Furthermore, Miss 10’s avid interest of watching film documentaries and passion for ‘Minecraft’ was met with disdain and a comment of, ‘Books are best’. Miss 10’s reaction was to maturely bottle in the tears, frustration and annoyance for the entire morning and then, only in the comfort of a private environment, let it out. She was devastated. The whole experience hit her with a sledge hammer of what she’d given up in New Zealand and the amazing friends she has there.

We are going to enjoy our time here (Dan and I would be really loving it, but happy children make happy parents… and until they are all settled, we shan’t feel top notch).

We shall meet with the school, the school counsellor, try and make it work for Miss 10 – but we don’t wish for her amazing education in New Zealand to be undermined and if the wrong teacher for her doesn’t work out, then we will stand by our daughter and ensure she retains her love of learning – even if we have to do online learning (which I am very pro-doing – hubbie a lot less so – as are the grandparents – that live in the UK; it’s not as though they really know what we are going through as we’ve been raising our children entirely single-handedly for the past decade in New Zealand).
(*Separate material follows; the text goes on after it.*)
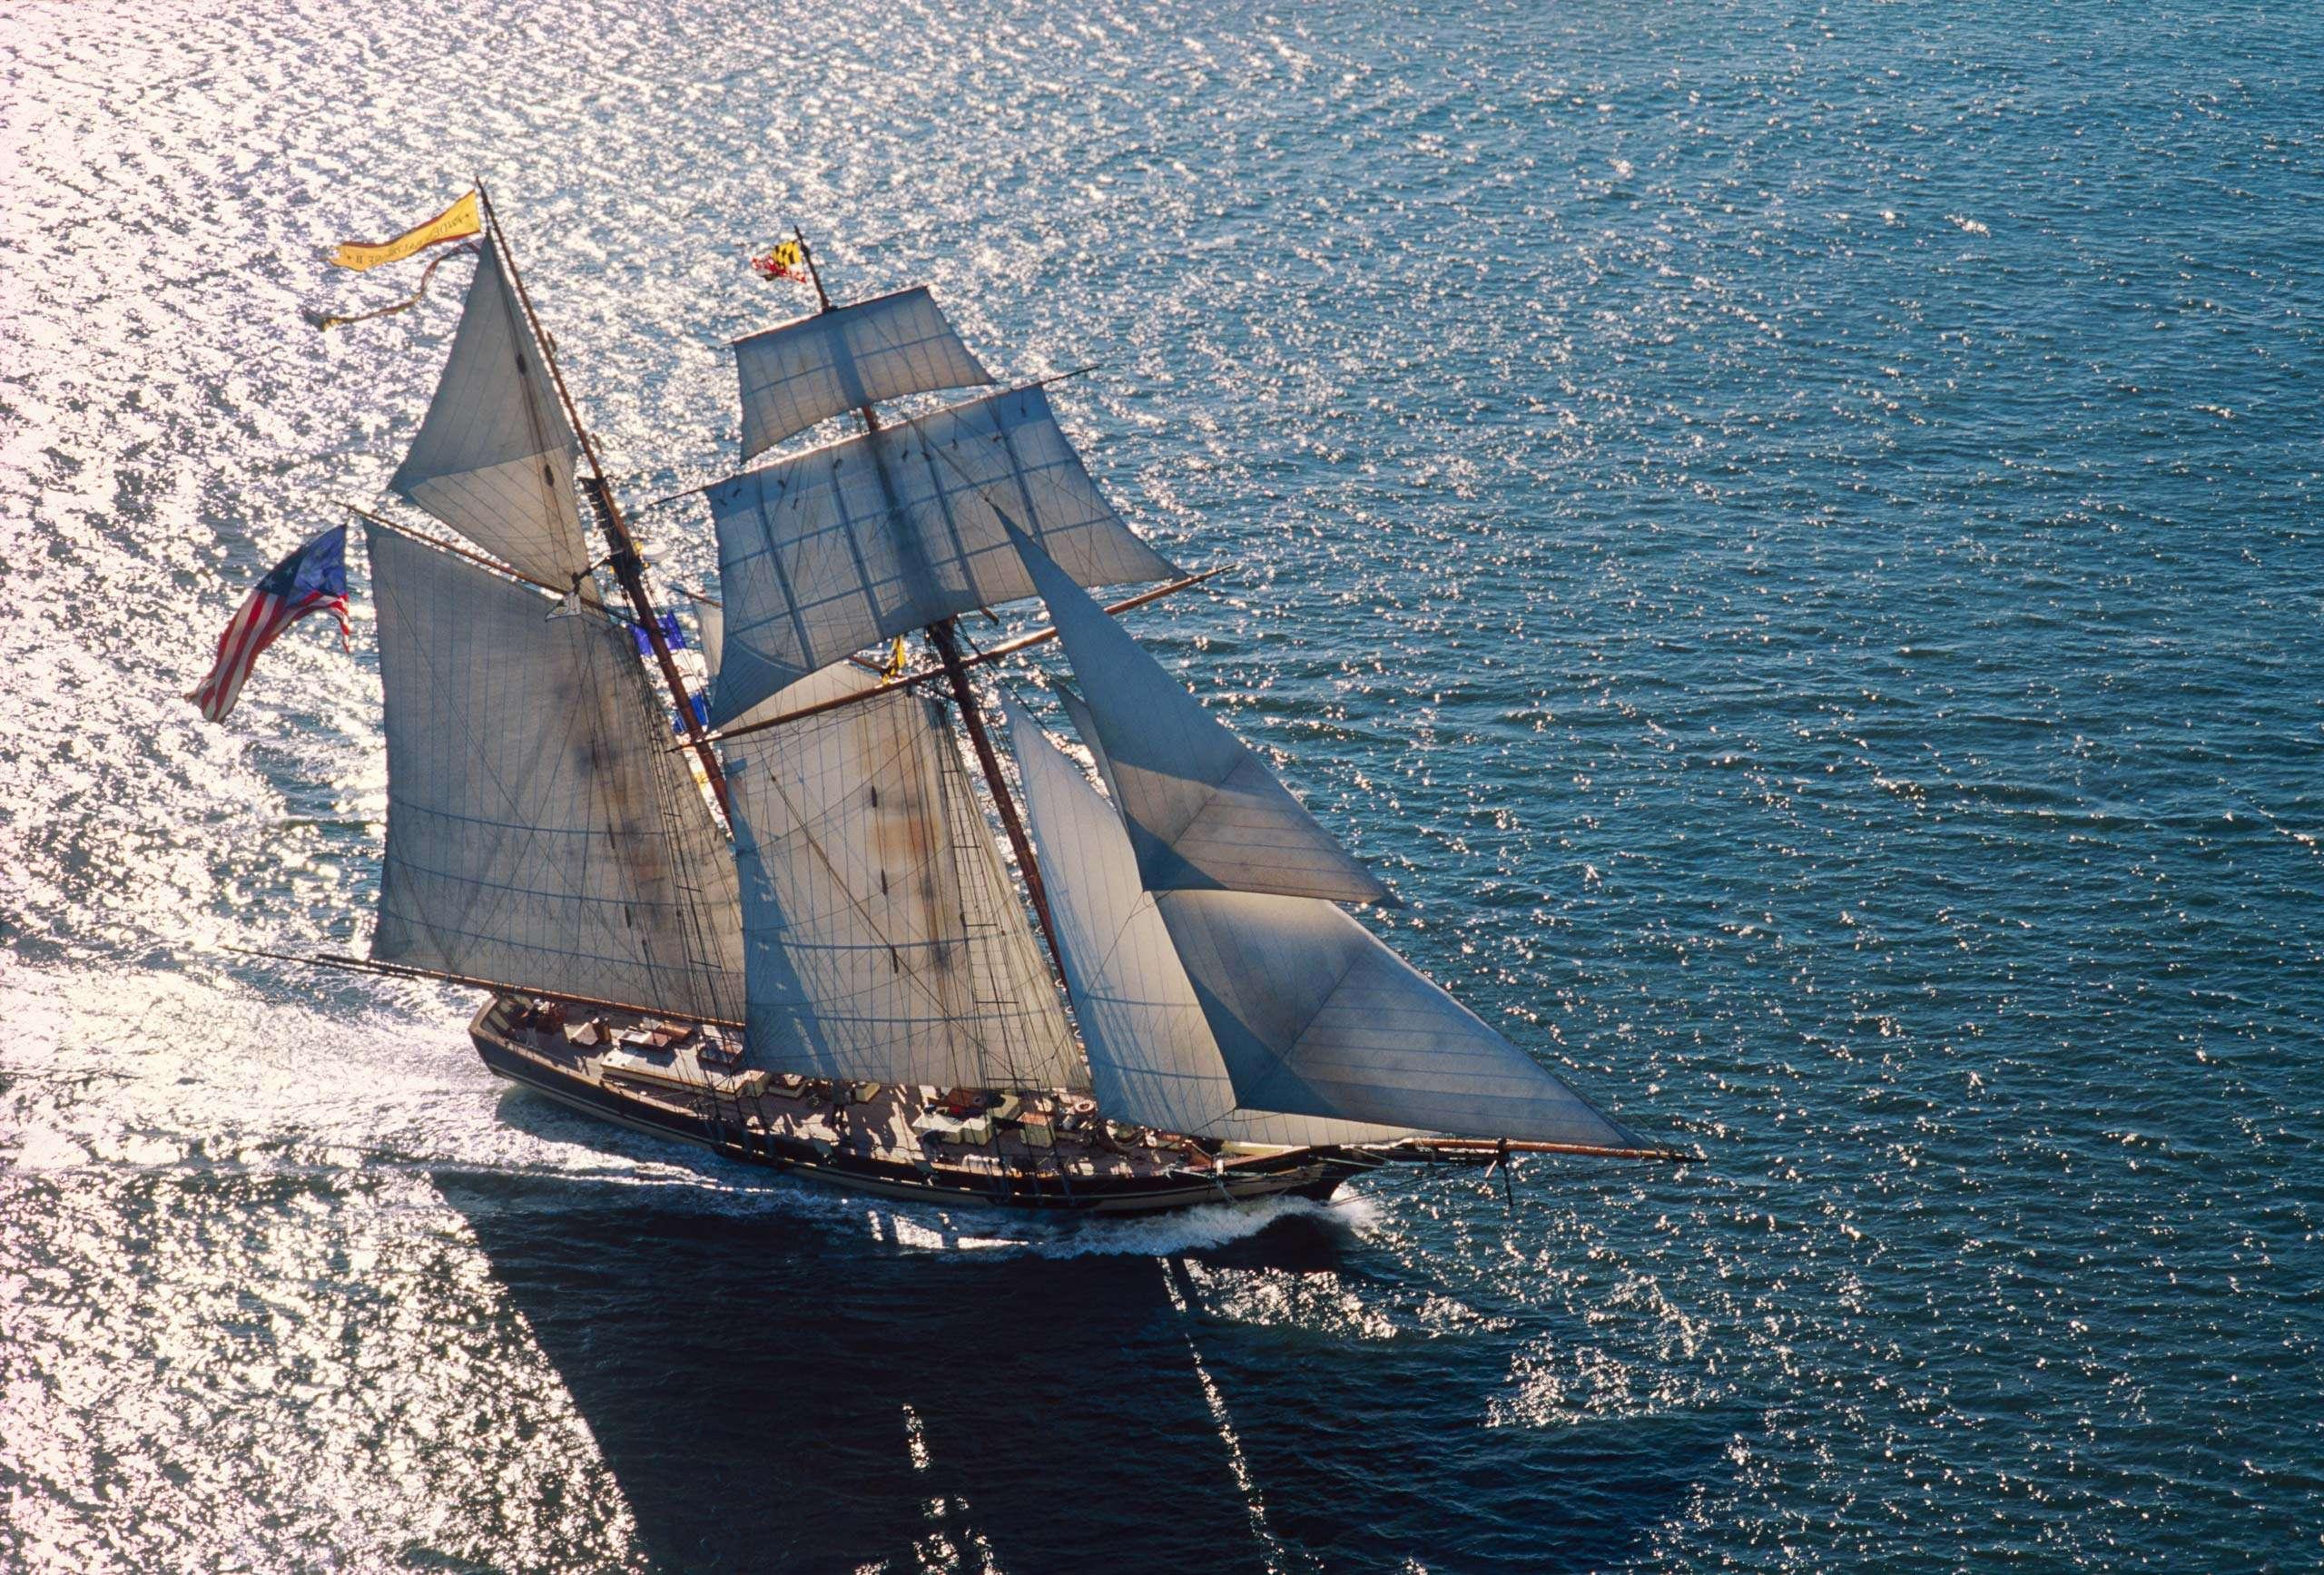 PORTFOLIO - Sailing - Tall Ships #16-PCG135

The biggest concern for hubbie and the grandparents is that ‘Sarah won’t cope’ – because I’m on antidepressants (and have been for over a decade). The truth is, I can cope. With exercise, medication and a happy family I am fine. It’s when I feel, in my heart and gut, that one of my children is genuinely not happy that the mother bear instincts in me cry out – not out of ‘protecting’ and ‘wrapping in cotton wool’, but of being my child’s advocate in an adult world and setting an example that the system isn’t always right and not to be accepted blindly – but, at times, worked around – even if many people see it as ‘radical’.

Of course she will be persuaded to give the school another chance and we will ask her to give us a full ‘pros and cons’ write-up of schooling in America for a year versus online learning – and then we shall discuss further.

We are not dictators of our children’s future – but here to guide them, let them feel confident to express themselves and know that their voices are listened to and respected.